Type of sedation and the need for unplanned interventions during ERCP: analysis of the clinical outcomes research initiative national endoscopic database (CORI-NED)

Affiliations

Type of sedation and the need for unplanned interventions during ERCP: analysis of the clinical outcomes research initiative national endoscopic database (CORI-NED)

Zachary L Smith et al. Frontline Gastroenterol. .

Abstract

Background and aims: Recent studies suggest that sedation provided by anaesthesia professionals may be less protective against serious adverse events than previously believed, however, data are lacking regarding endoscopic retrograde cholangiopancreatography (ERCP). Using the clinical outcomes research initiative national endoscopic database (CORI-NED), we aimed to assess whether mode of sedation was associated with rates of unplanned interventions (UIs) during ERCP.

Patients and methods: All subjects from CORI-NED undergoing ERCP from 2004 to 2014 were identified and stratified into three groups based on the initial mode of anaesthesia: endoscopist-directed sedation (EDS), monitored anaesthesia care without an endotracheal tube (MAC-WET) and general endotracheal anaesthesia (GEA). The primary outcome was UIs. To assess the impact of sedation mode on UIs, multivariable logistic regression models were created adjusting for demographic, physician and procedure-level variables.

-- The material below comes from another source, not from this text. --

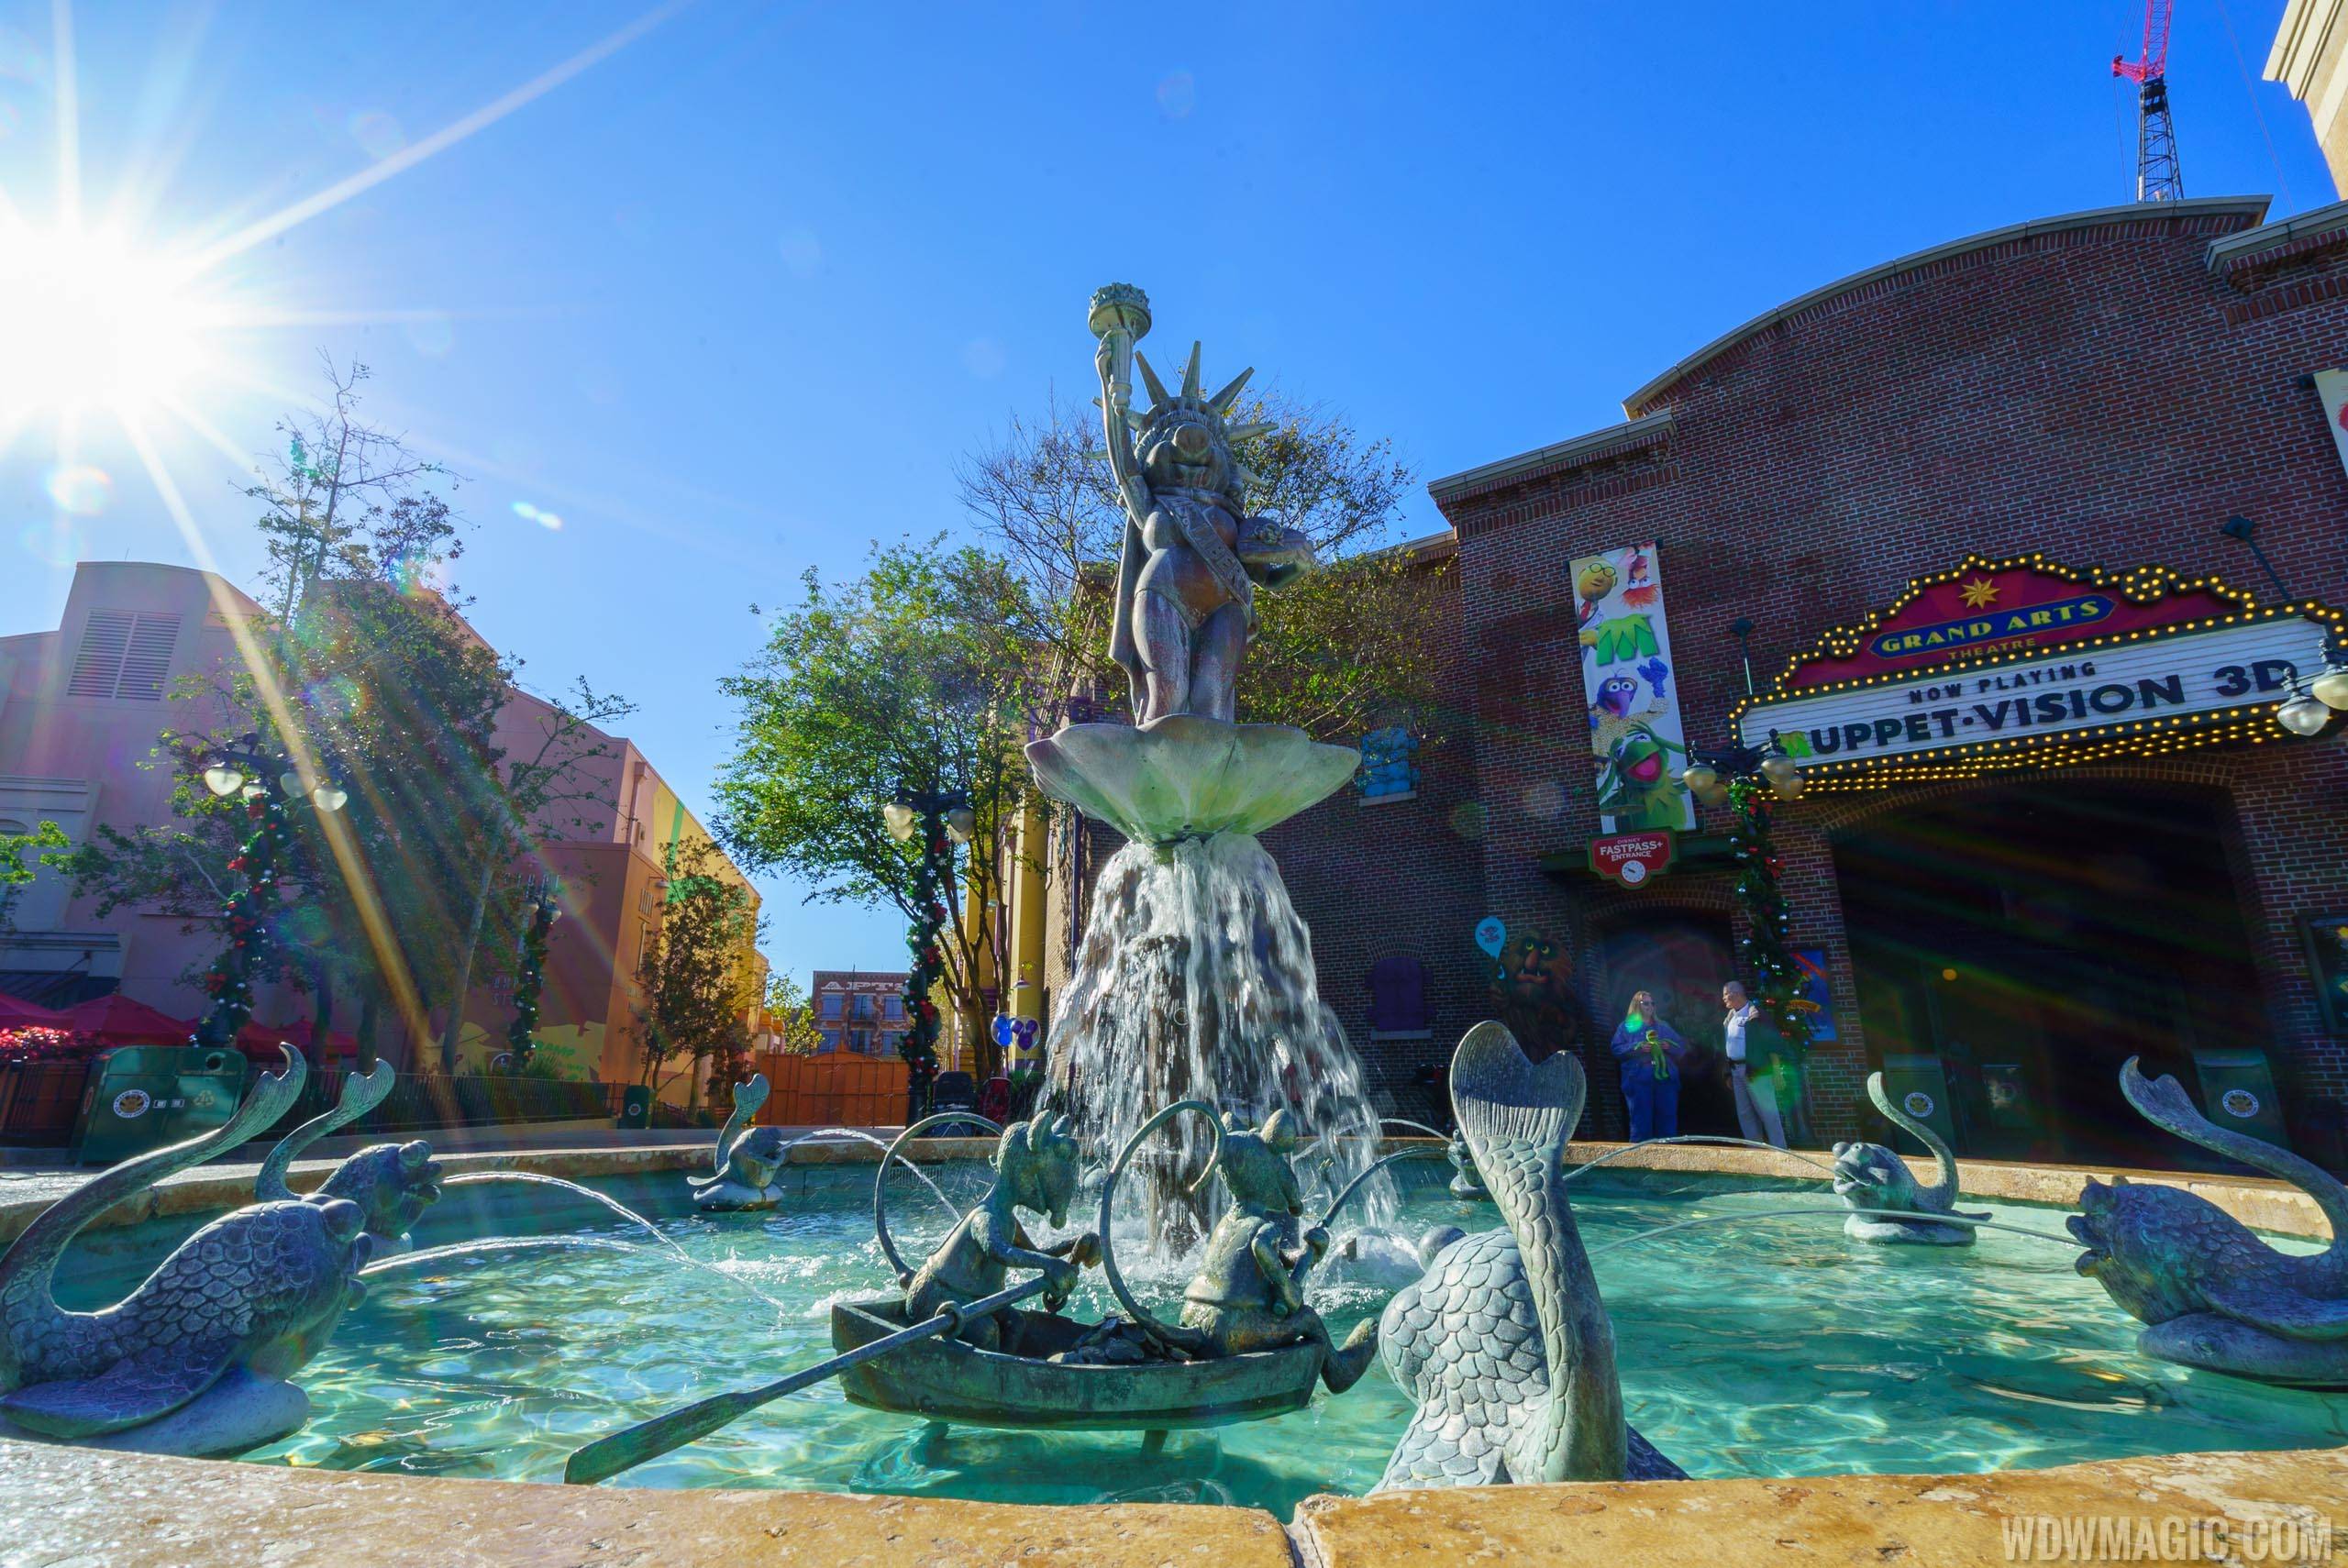 PHOTOS - Muppets Fountain returns to Grand Avenue at Disney's Hollywood Studios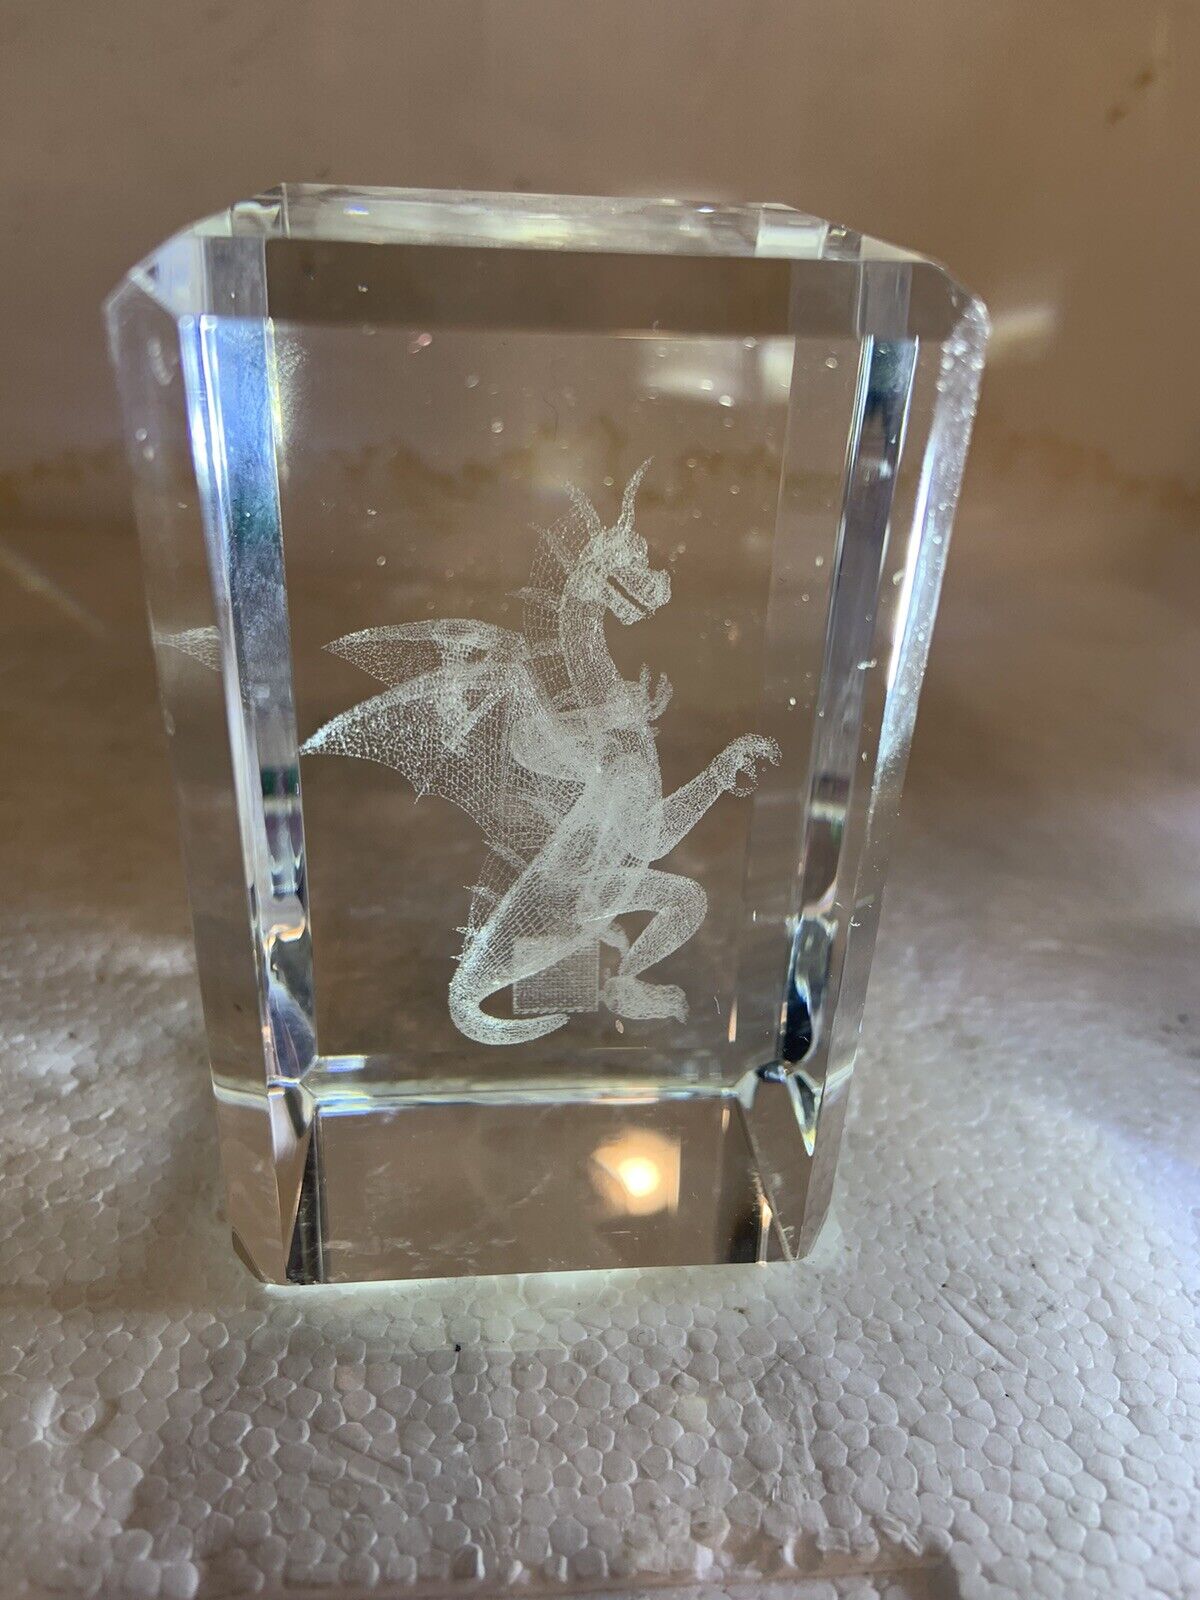 Vntg Dragon 3D Laser Etched Cube Paperweight 3.5” Tall RARE See All Photos NICE

Design: Population-based study.

Results: 26 698 ERCPs were analysed (7588 EDS, 8395 MAC-WET, 10 715 GEA). UIs occurred in 320 ERCPs (1.2%). EDS was associated with a higher risk of UIs compared with sedation administered by an anaesthesia professional (OR 1.86, 95% CI 1.44 to 2.42). Additional factors associated with a higher risk of UIs included ASA class IV compared with class II (OR 3.18, 95% CI 2.00 to 5.06) and ERCPs done in community (OR 1.41, 1.04 to 1.91) and health maintenance organisations (OR 3.75, 2.01 to 6.99) hospitals.

Conclusion: EDS is associated with a higher risk of UIs during ERCP compared with sedation administered by an anaesthesia professional. Higher ASA class and procedures performed in non-university hospitals were also associated with a higher risk of UIs. This study suggests that, when available, sedation using an anaesthesia professional should be utilised for ERCP.

Keywords: adverse events; anesthesia; endoscopic retrograde pancreatography; endoscopy; sedation.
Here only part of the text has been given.